Hints:

Start by exploring a simpler version of the problem.

The best solution when using only two leaves is:

• (1, 2, 4, 8)

• (3, 5, 6, 7)

This setup allows you to represent every number up to 15 using at most one number from each leaf. How can you build on this when adding a third leaf?

A good next step is to keep the first two leaves the same and place the numbers 9 through 18 on a third leaf. This lets you reach higher numbers with decent coverage.

To improve this further, make small adjustments:

• Add 22 to the first leaf: (1, 2, 4, 8, 22)

• Expand the second leaf with: (3, 5, 6, 7, 19, 20, 21)

This configuration reaches all numbers up to 22. With a few more minor changes, it’s possible to extend the range to 23, which is the best known solution for this setup.

Exploration:

How do things change if you use only even numbers? How do things change if you use only
odd numbers?
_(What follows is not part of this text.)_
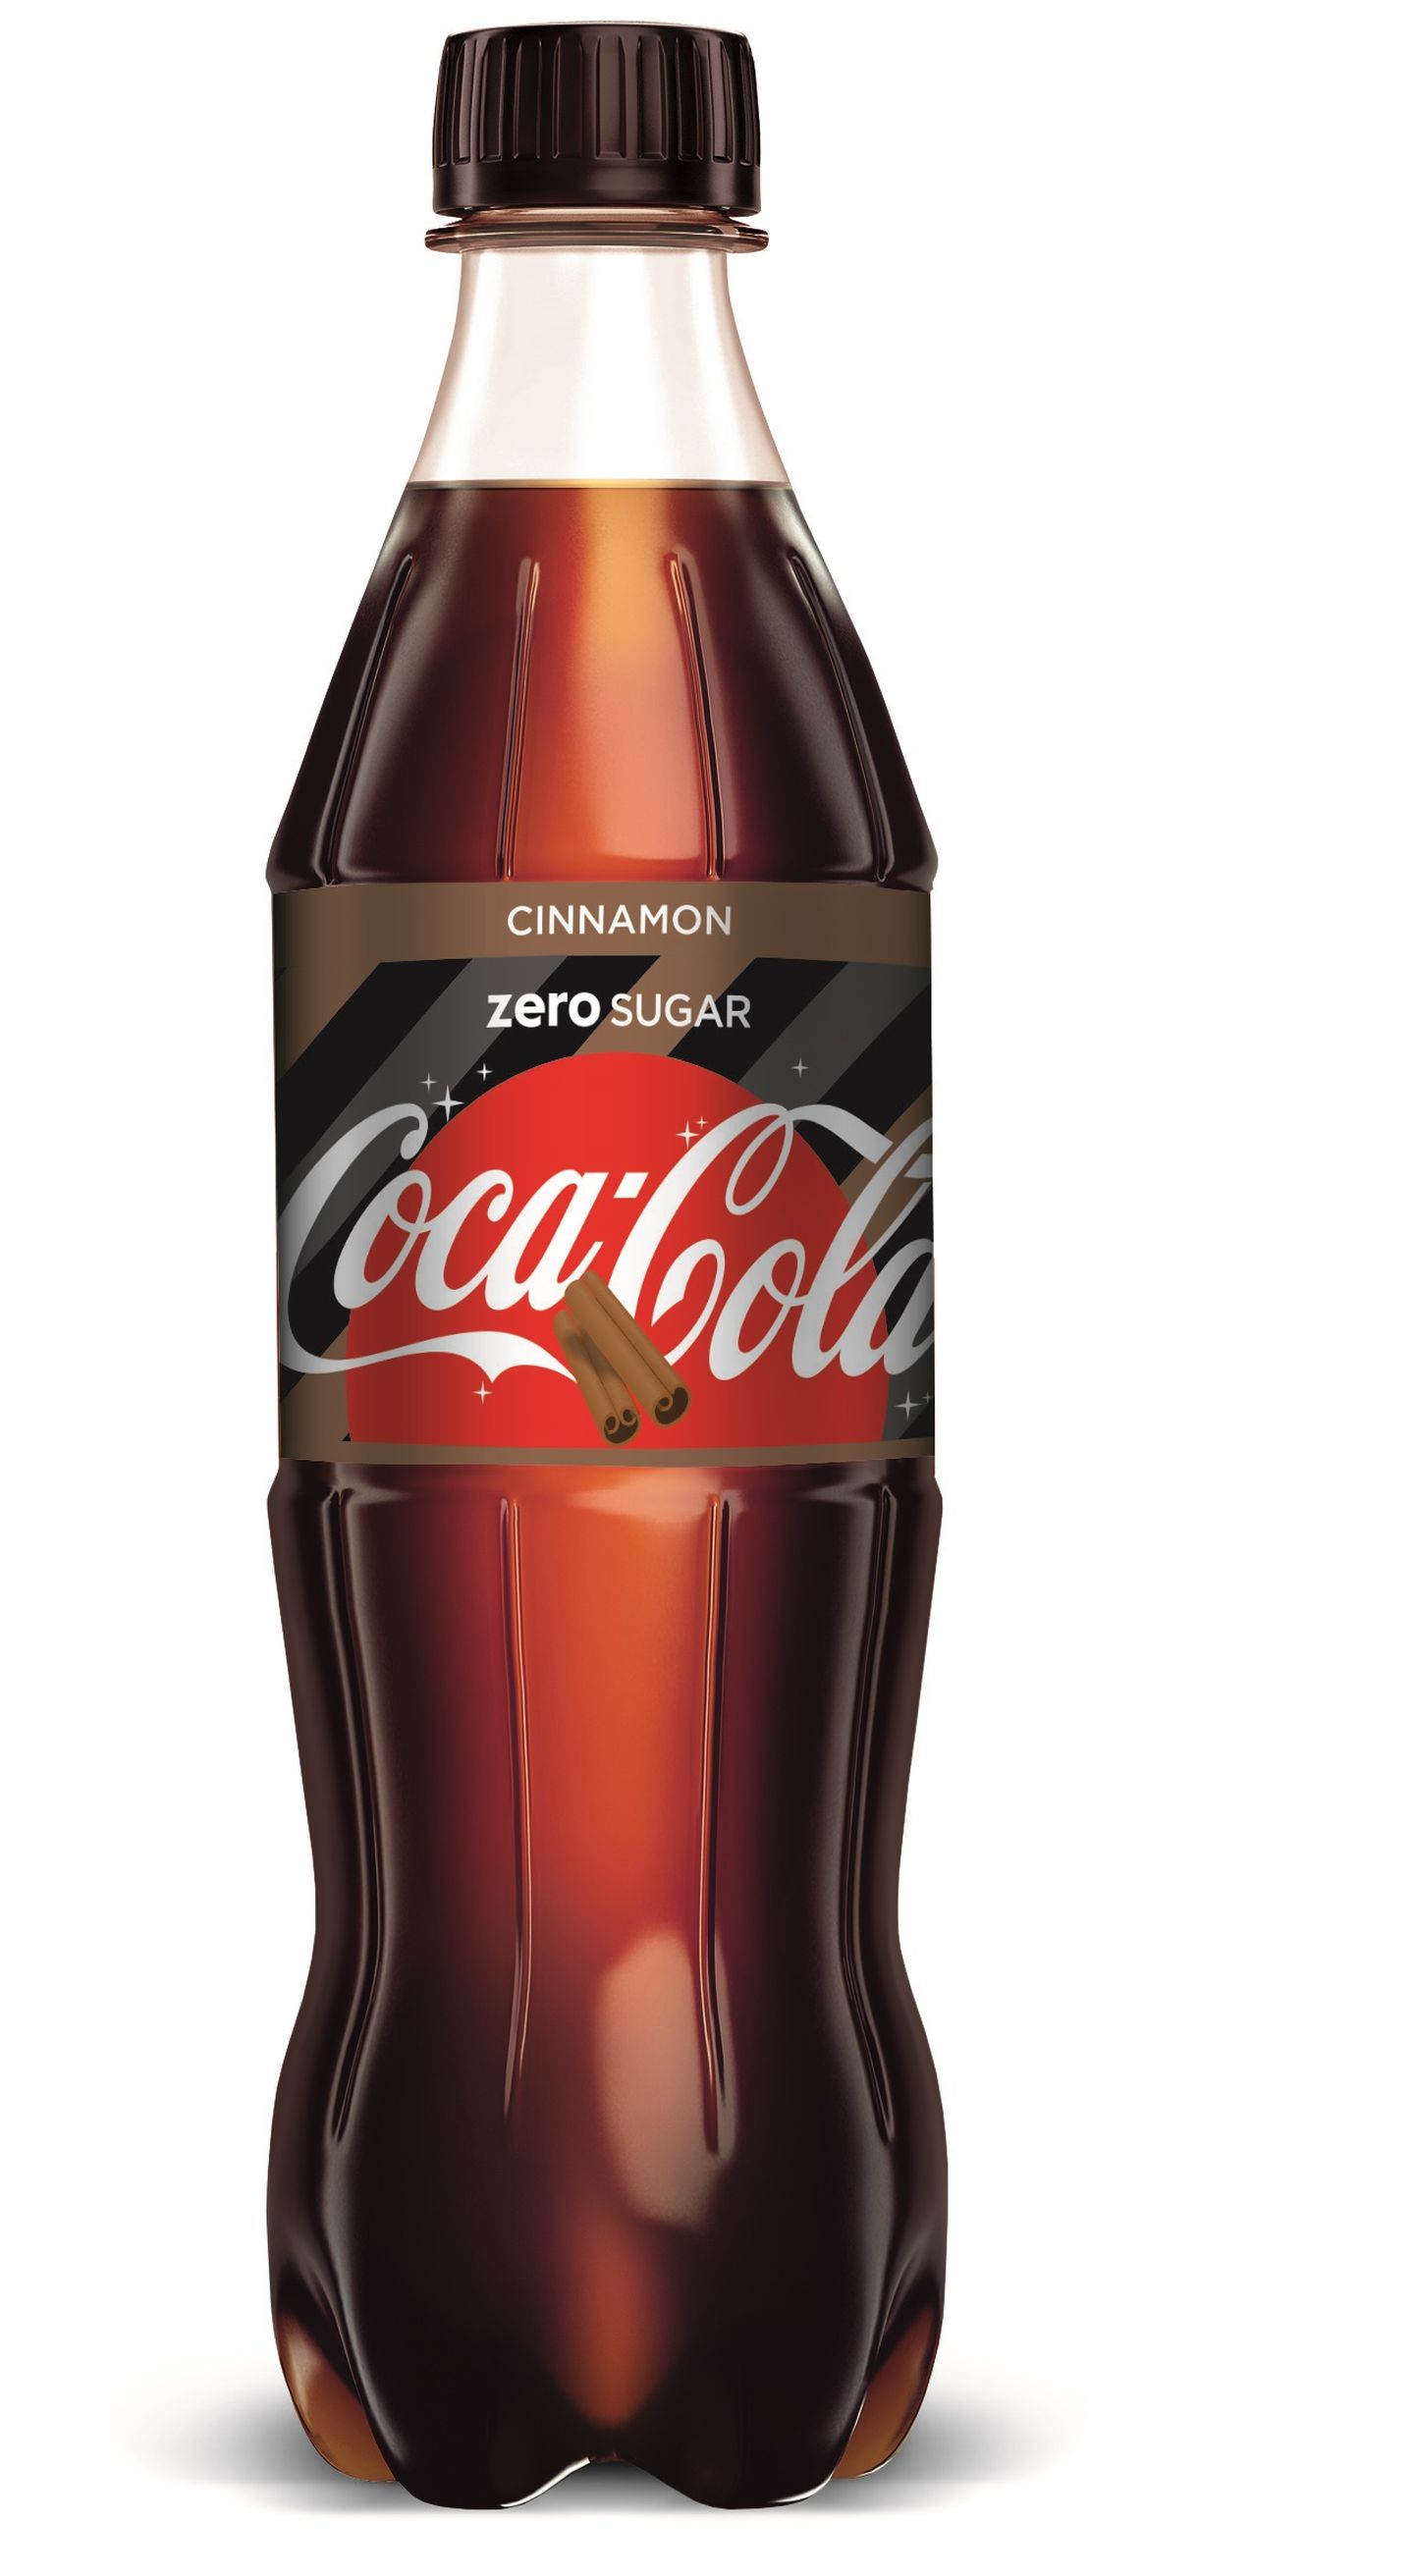 Jõulude eel tuleb uudistootena müügile kaneelimaitseline Coca-Cola Zero.

What happens if you use more than three leaves?

Solution and Exploration:

Working with three leaves is significantly more complex than working with just two, but a few simple strategies go a long way.

Two Powerful Leaf Strategies

There are two particularly effective patterns for placing numbers on a single leaf:

1. Powers of 2 – e.g., (1, 2, 4, 8, 16, …)
   These are useful because powers of 2 combine in a unique way to create a wide range of sums without overlaps.
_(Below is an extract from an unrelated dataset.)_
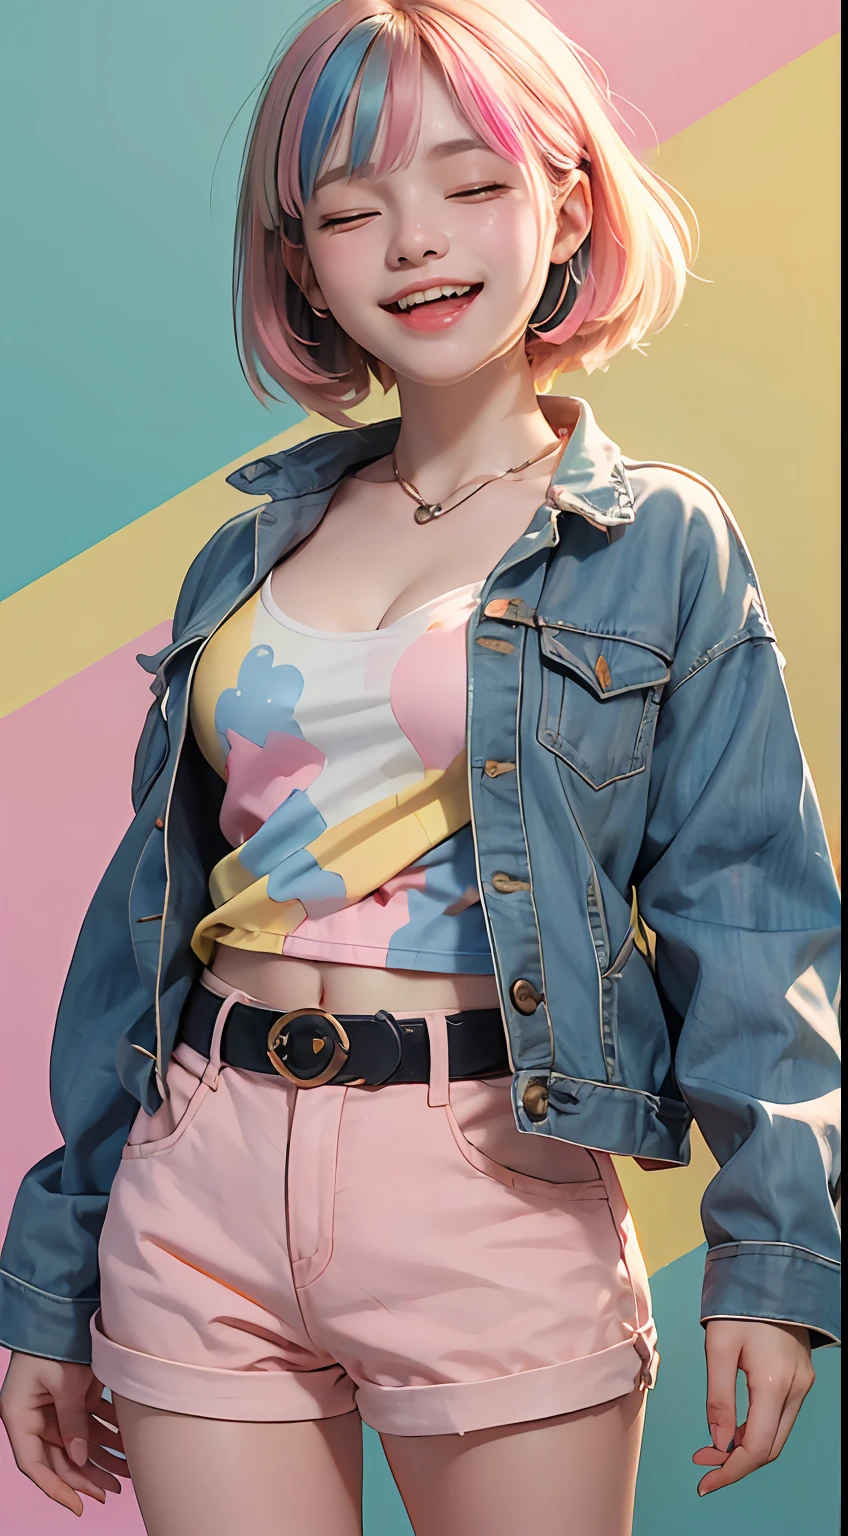 белая 20-летняя женщина, (((желто-сине-розовый микс разноцветных волос))), (((счастливый смех, закрытые глаза, жесты рукой))), ((идеальное выражение)), средне-короткая прическа, в укороченной футболке пастельных тонов, стильной куртке с принтом и различных шортах., большегрудый, Снять портрет в полный рост в стиле каваи стоя, (Многоцветный плоский фон стены), реалистичная тень, в главной роли на камеру, (запоминающаяся красочная пастельная тема), Canon EOS 5D Mark IV с 75 мм, фотография сверхвысокого разрешения, 8к обои, мягкий ободок света, ((шедевр, фотореалистичный, Лучшее качество, гипердетализированный:1.2)), Тянущая рубашка, расщепление, (идеальные зубы, идеальные пальцы, идеальные руки, Идеальный свет)

2. Consecutive sequences starting from a midpoint – e.g., (5, 6, 7, 8, 9, 10)
   This pattern gives compact coverage of a dense range.

Step-by-Step: From Two Leaves to Three

Let’s build on the best-known configuration for two leaves:

• Leaf 1: (1, 2, 4, 8)

• Leaf 2: (3, 5, 6, 7)

This setup can generate all integers up to 15 when picking at most one number from each leaf.
To extend this idea to three leaves, we can place the next consecutive numbers on the third leaf:

• Leaf 3: (9 through 18)

This gives us:

• (1, 2, 4, 8)

• (3, 5, 6, 7)

• (9, 10, 11, 12, 13, 14, 15, 16, 17, 18)
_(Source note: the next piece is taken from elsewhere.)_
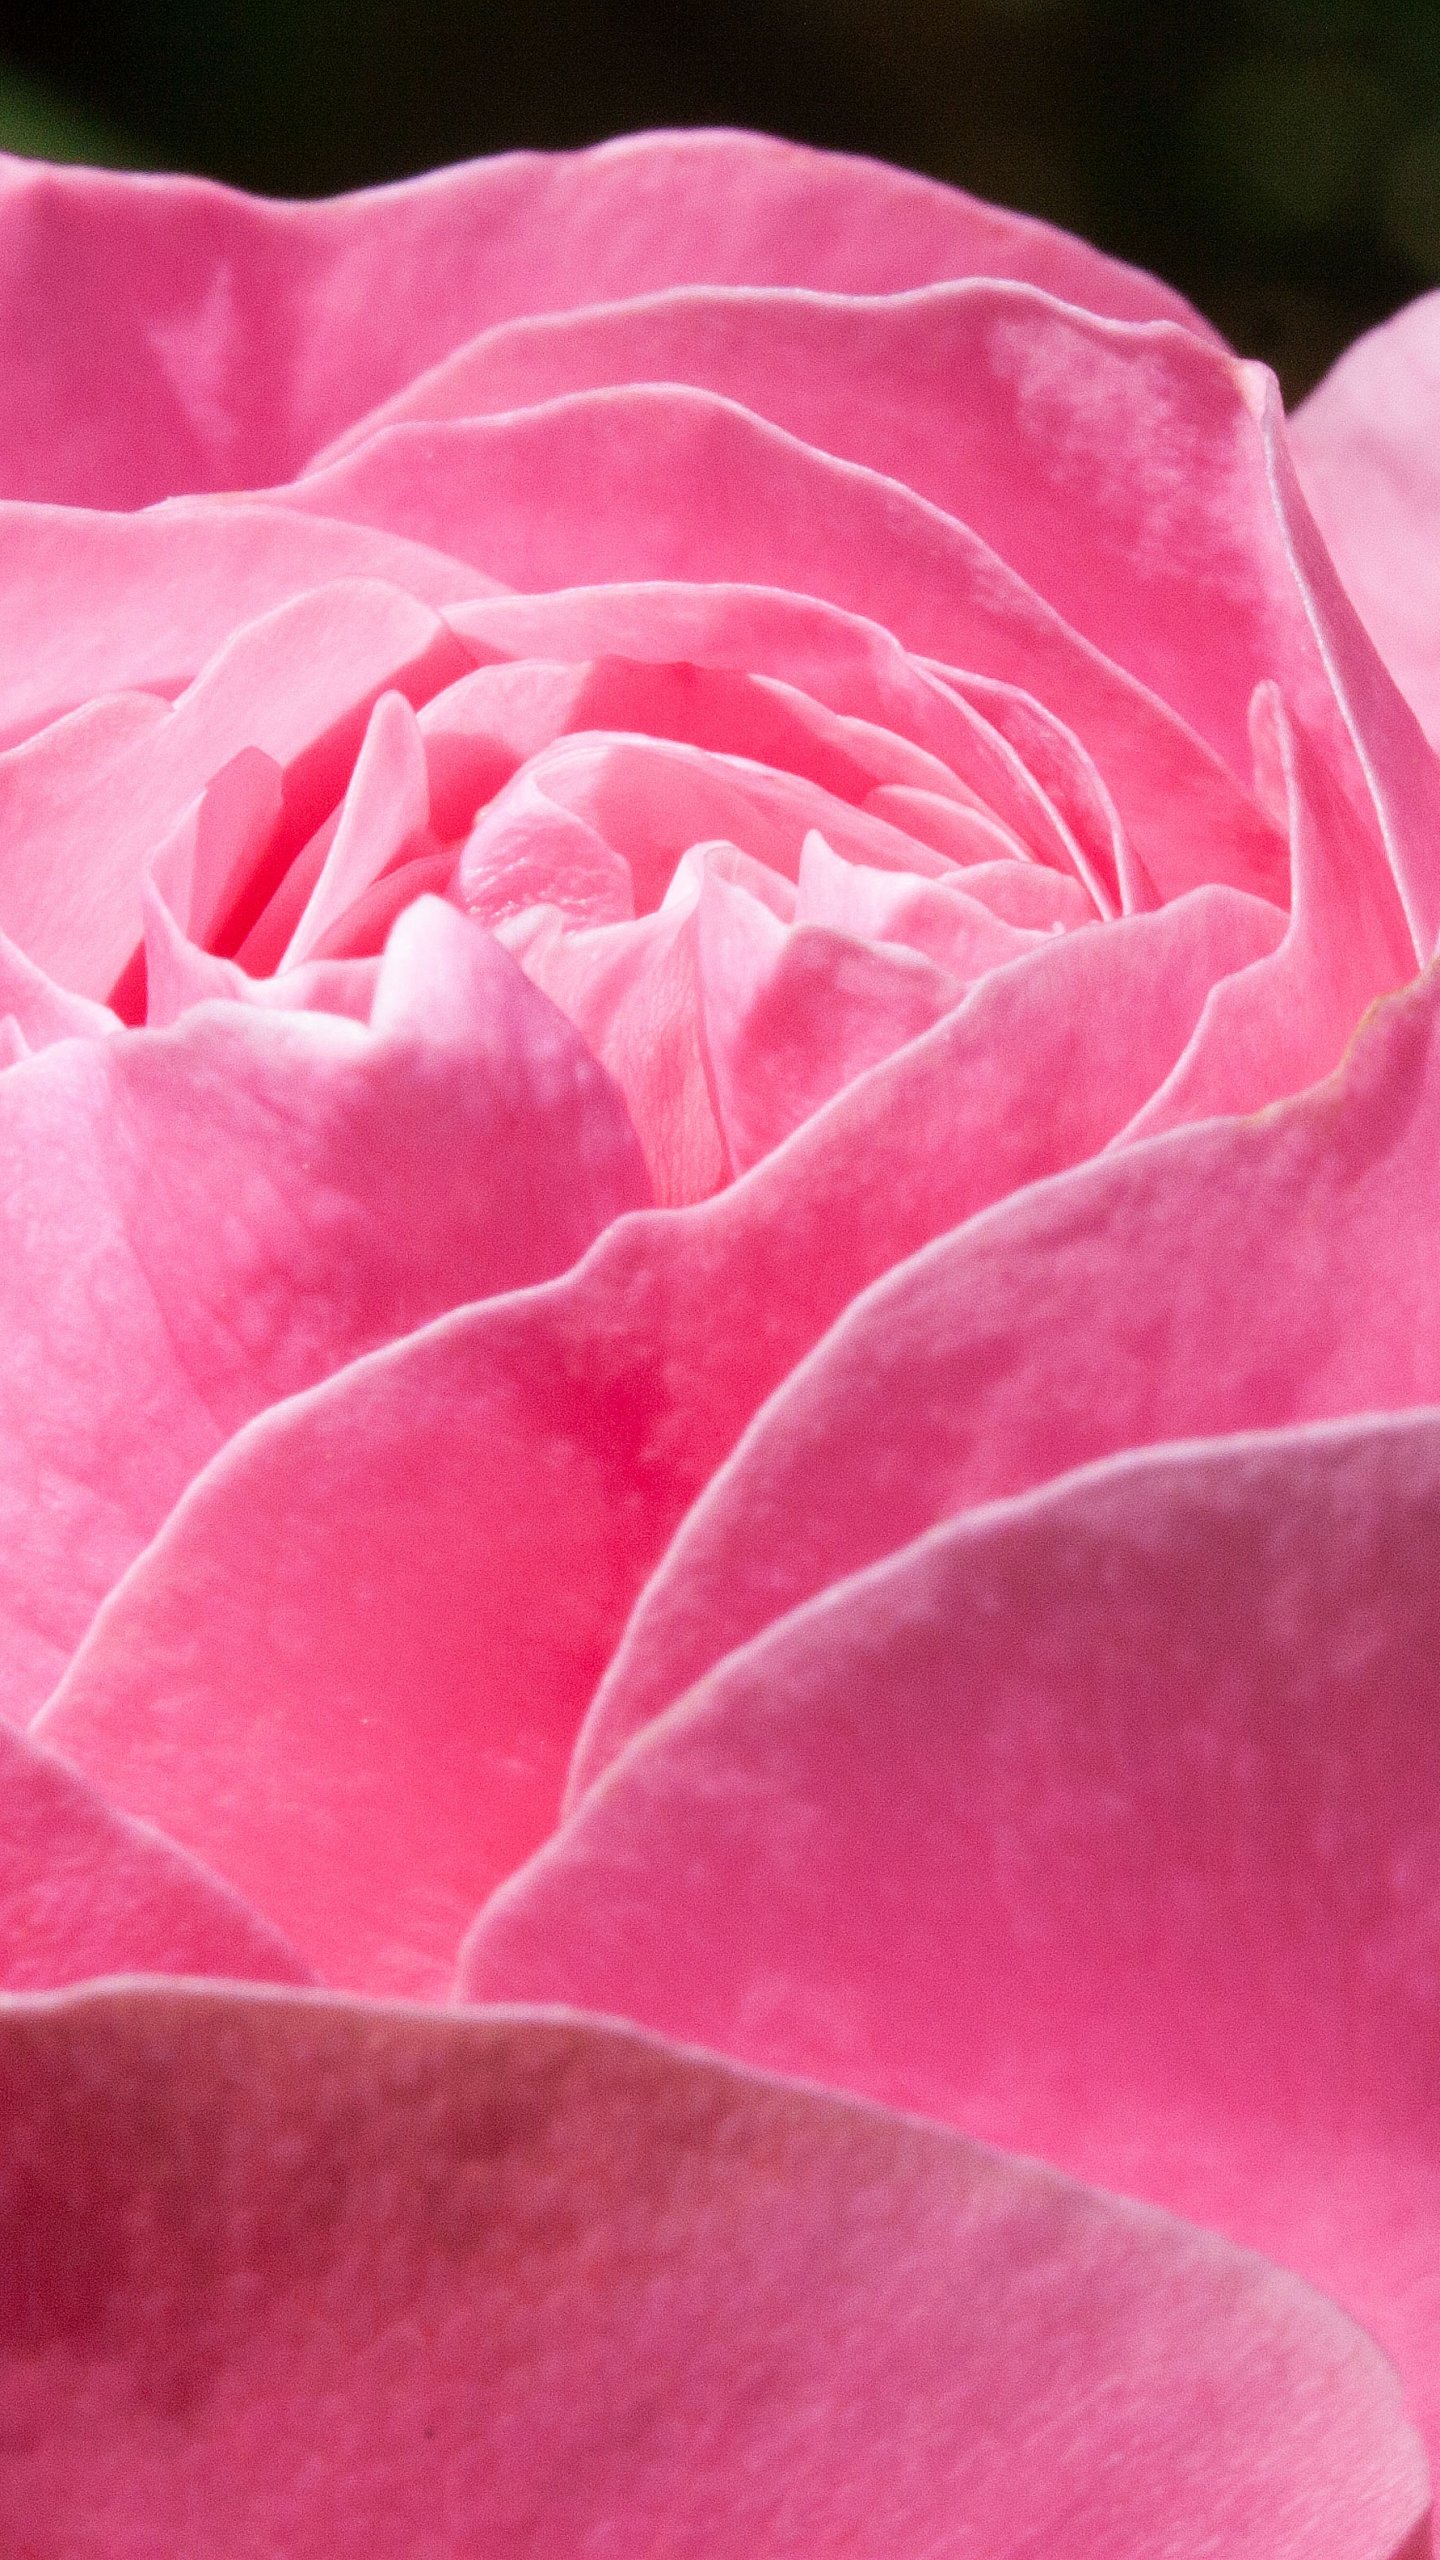 Pink Rose Wallpaper - Mobile & Desktop Background

With a few strategic additions, we can improve the range:

• Add 22 to Leaf 1

• Add 19, 20, 21 to Leaf 2

So we get:

• (1, 2, 4, 8, 22)

• (3, 5, 6, 7, 19, 20, 21)

• (9, 10, 11, 12, 13, 14, 15, 16, 17, 18)

This configuration allows us to generate all integers up to 22, which is quite close to the theoretical maximum for three leaves.

The Best-Known Solution for Three Leaves

According to mathematical literature on sum-free partitions, the best known configuration that allows you to reach up to 23 is:

• Leaf 1: (1, 2, 4, 8, 11, 16, 22)

• Leaf 2: (3, 5, 6, 7, 19, 21, 23)

• Leaf 3: (9, 10, 12, 13, 14, 15, 17, 18, 20)

Only a few numbers (such as 11 and 16) were moved from the earlier version to reach this optimal result.

Beyond Three Leaves

• Four Leaves: Best known maximum is 66, with this configuration:

  • Leaf 1: (1, 2, 4, 8, 11, 16, 22, 25, 40, 43, 53, 66)

  • Leaf 2: (3, 5, 6, 7, 19, 21, 23, 34, 35, 50, 51, 52, 63, 64, 65)

  • Leaf 3: (9, 10, 12, 13, 14, 15, 17, 18, 20, 54–62)

  • Leaf 4: (24, 26–33, 36–39, 41, 42, 44–49)

• Five Leaves: Best known value is 196

• Six Leaves: Unknown — this remains an open problem in combinatorics! Perhaps one of your students can contribute to solving it.

Even and Odd Numbers

• If you are only working with even numbers, you can double every number from the standard solution.

• All odd numbers can be placed on a single leaf, so using three or more leaves provides no advantage in that specific case.